The engine supports multiple clock sources for determining vocalization timing:

Source	Description
ThetaGate	Aligns onsets to theta band zero-crossings from NeuralRhythms
Composite	Combines subdivision and internal phase sources

Composite Clock Configuration:

• SubdivisionClockConfig: Divides the theta gate into subdivisions (divisions: Vec<u32>)
• InternalPhaseClockConfig: Internal oscillator with ratio (relative to theta) and phase0 (initial phase)

4.5.2 Interval and Connect Policies

PhonationIntervalConfig: Controls spacing between note onsets:

Variant	Description
None	No automatic onset generation
Accumulator	Probabilistic onset based on rate with refractory period (gates)

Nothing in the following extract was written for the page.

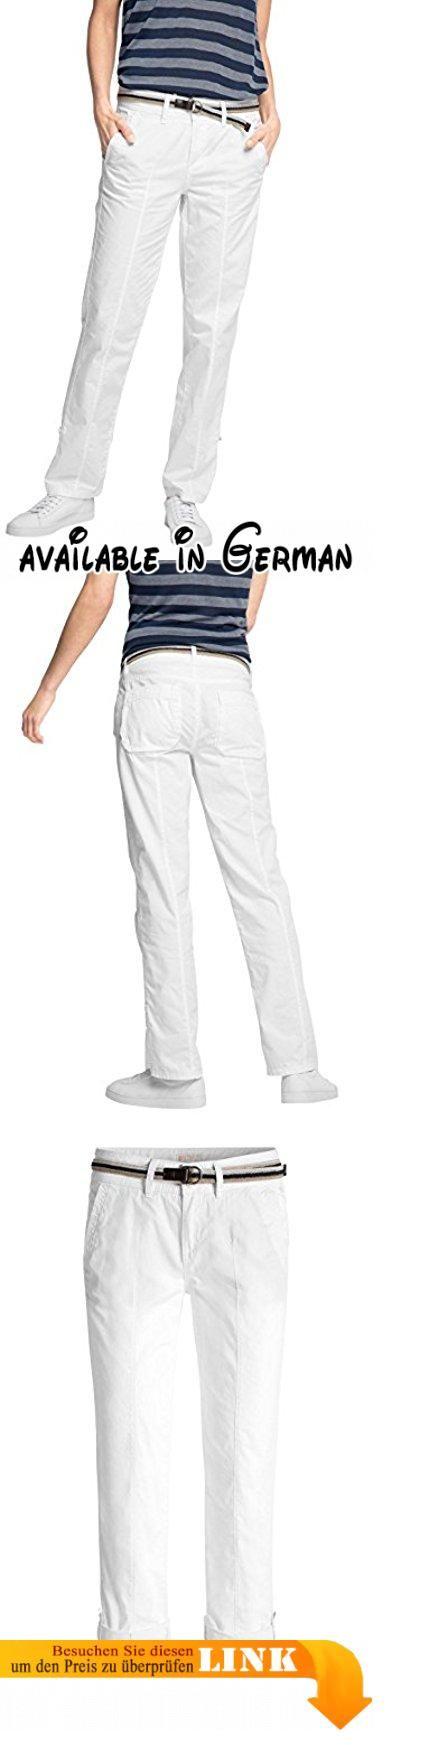 ESPRIT Damen Hose 046EE1B025-mit Gürtel, Weiß (White 100), 36/L30 (Herstellergröße: 36). Variable Turn-Up-Hose aus luftiger Baumwolle mit Gürtel. Hosenbeine lassen sich krempeln und per Knopf und Riegel befestigen - für die Capri-Länge. Relaxed #Apparel #PANTS

PhonationConnectConfig: Controls note duration (legato vs staccato):

Variant	Description
FixedGate	Fixed duration of length_gates theta cycles
Field	Duration adapts to consonance field with sigmoid mapping

Field parameters:

• hold_min_theta, hold_max_theta: Duration range in theta cycles
• curve_k, curve_x0: Sigmoid shape parameters
• drop_gain: Amplitude reduction for short notes

4.5.3 SubThetaModulation

Amplitude modulation within the theta cycle:

Variant	Description
None	No sub-theta modulation
Cosine	Cosine modulation with n (harmonic number), depth, phase0

4.5.4 Social Coupling

The SocialConfig enables agents to respond to the vocalization density of the population:

Parameter	Description
coupling	Strength of social influence (0 = independent)
bin_ticks	Temporal resolution for density measurement
smooth	Smoothing factor for density trace

SocialDensityTrace (life/social_density.rs): Tracks the recent onset density of the population, allowing agents to synchronize or avoid crowded moments.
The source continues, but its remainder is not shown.